I wasn't ignoring it, I hadn't considered it. OK, so let's think
about that. So now I need to have shared memory model, with multiple
threads, but the threads need to be split up such that the right threads
are wherever the data is and I need to have enough of them to cover up
huge memory latencies.

I don't believe that you take any significant number of shared memory
programs and make that model work. It's a nice idea but the reality is
that wherever you want the data to be, it's typically someplace else.
This is _inherent_ in shared memory programming. Let's see if I can
back up that statement:

Let's say we eliminate the programs which aren't really shared memory
programs, like parallel make, for example. While I'm sure that you
could have all the processes mmap the same makefile and claim that that
is shared memory programming, that's more than a little silly, right?
Am I right in assuming that you don't mean silly stuff like that?
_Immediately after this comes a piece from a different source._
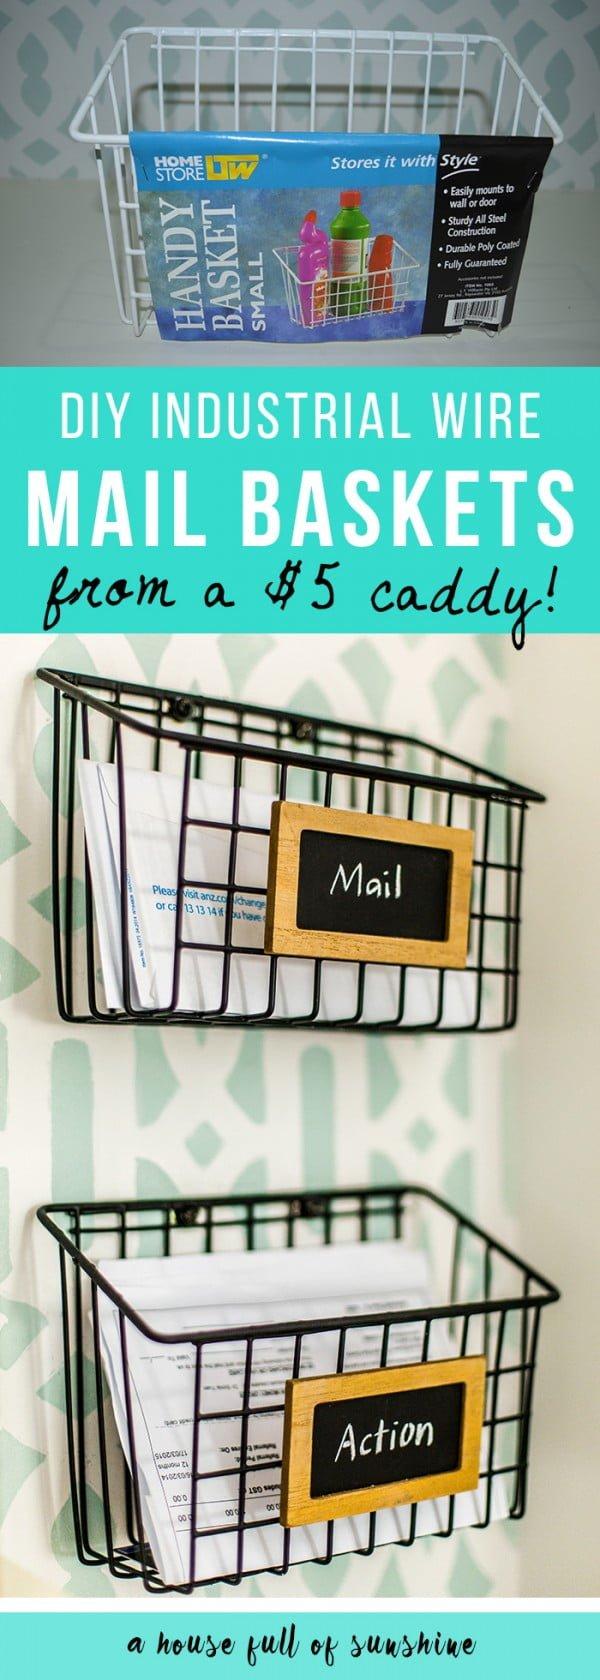 DIY industrial wire mail baskets
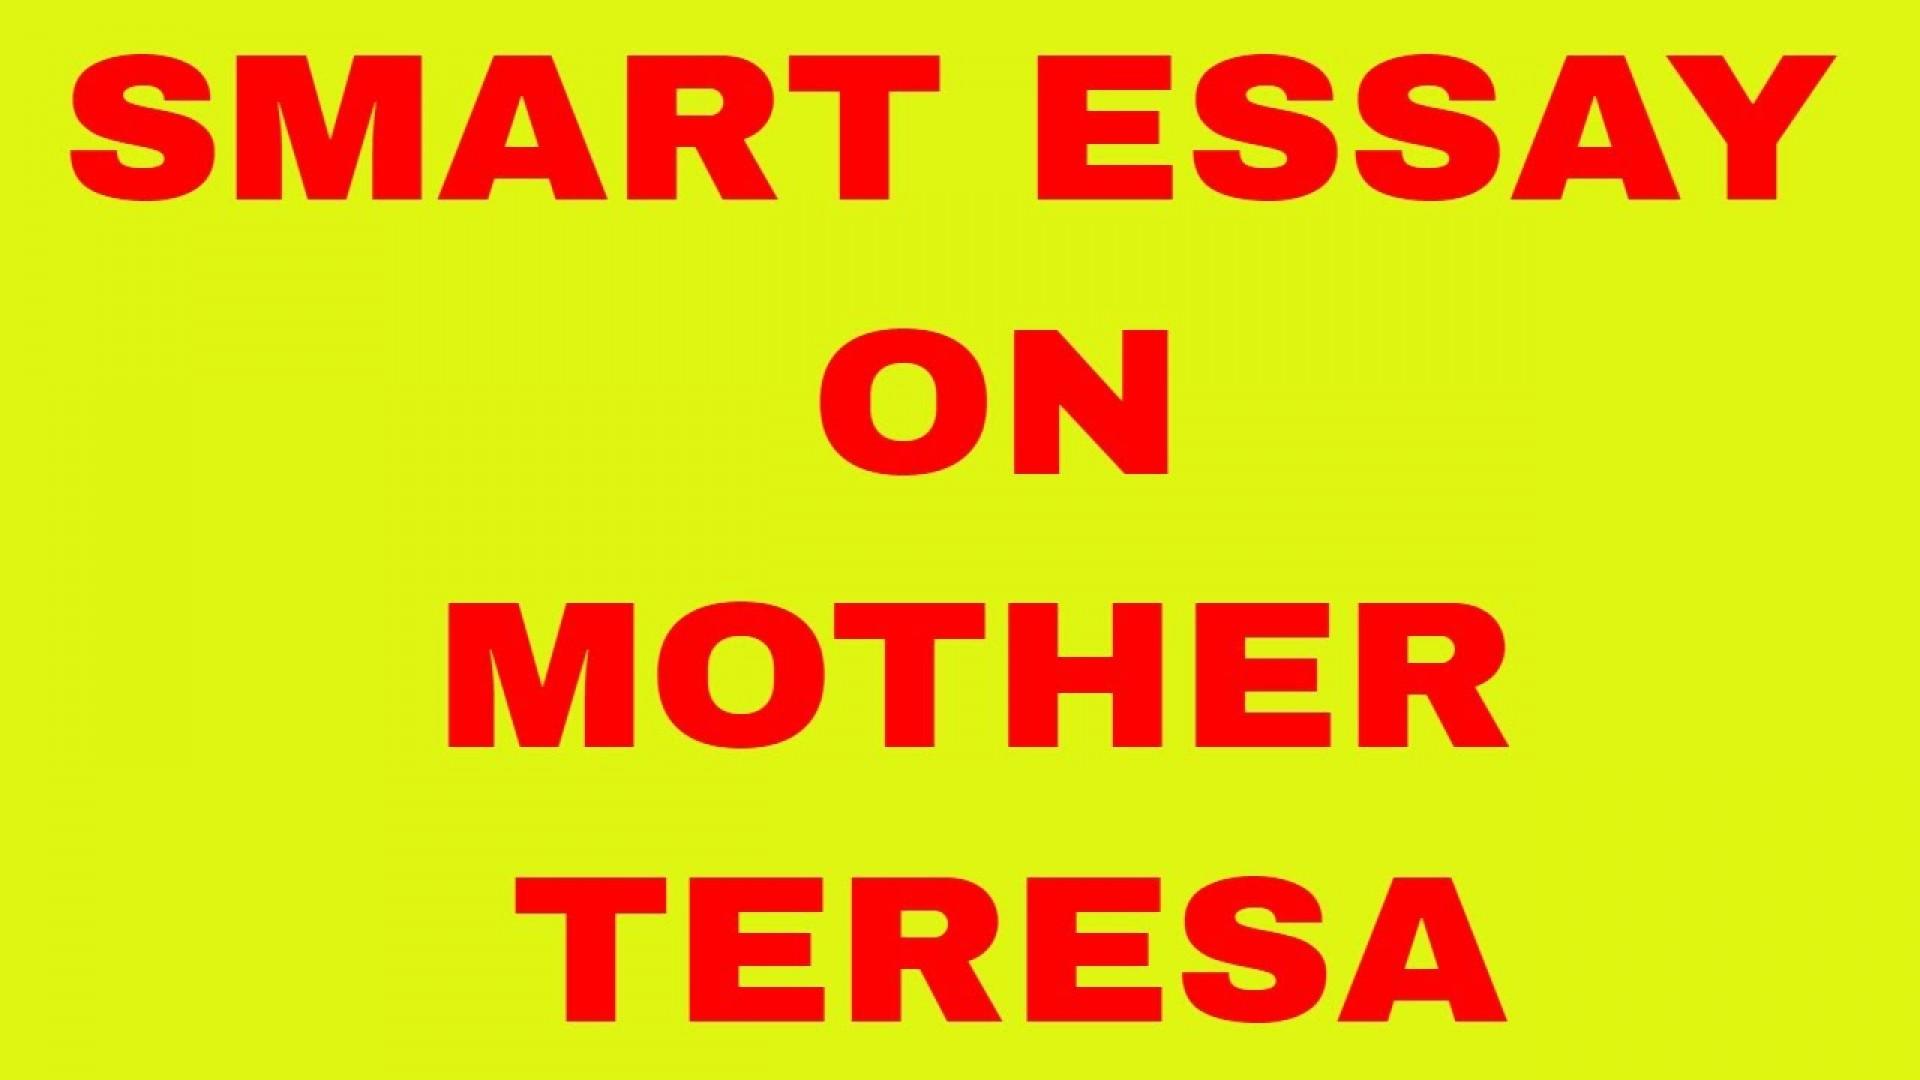 007 Mother Teresa Essay Maxresdefault Fantastic In Marathi Hindi Me 1920

OK, so that leaves us with programs that are actually sharing memory
because they need to do - they are communicating with each through the
memory rather than communicating through messages. Classic examples
of this are your basic simulation, where each process (thread if you
must) is working on some subset of the space. Let's say it is a three
dimensional simulation, so each process has a subcube of the larger cube.

This is a nasty problem space because each process' forward progress
depends not only on the results of its local computation but also on
the results of the computation of its neighbors, since if the cube right
next to you is blowing up, that's going to have some effect on your cube.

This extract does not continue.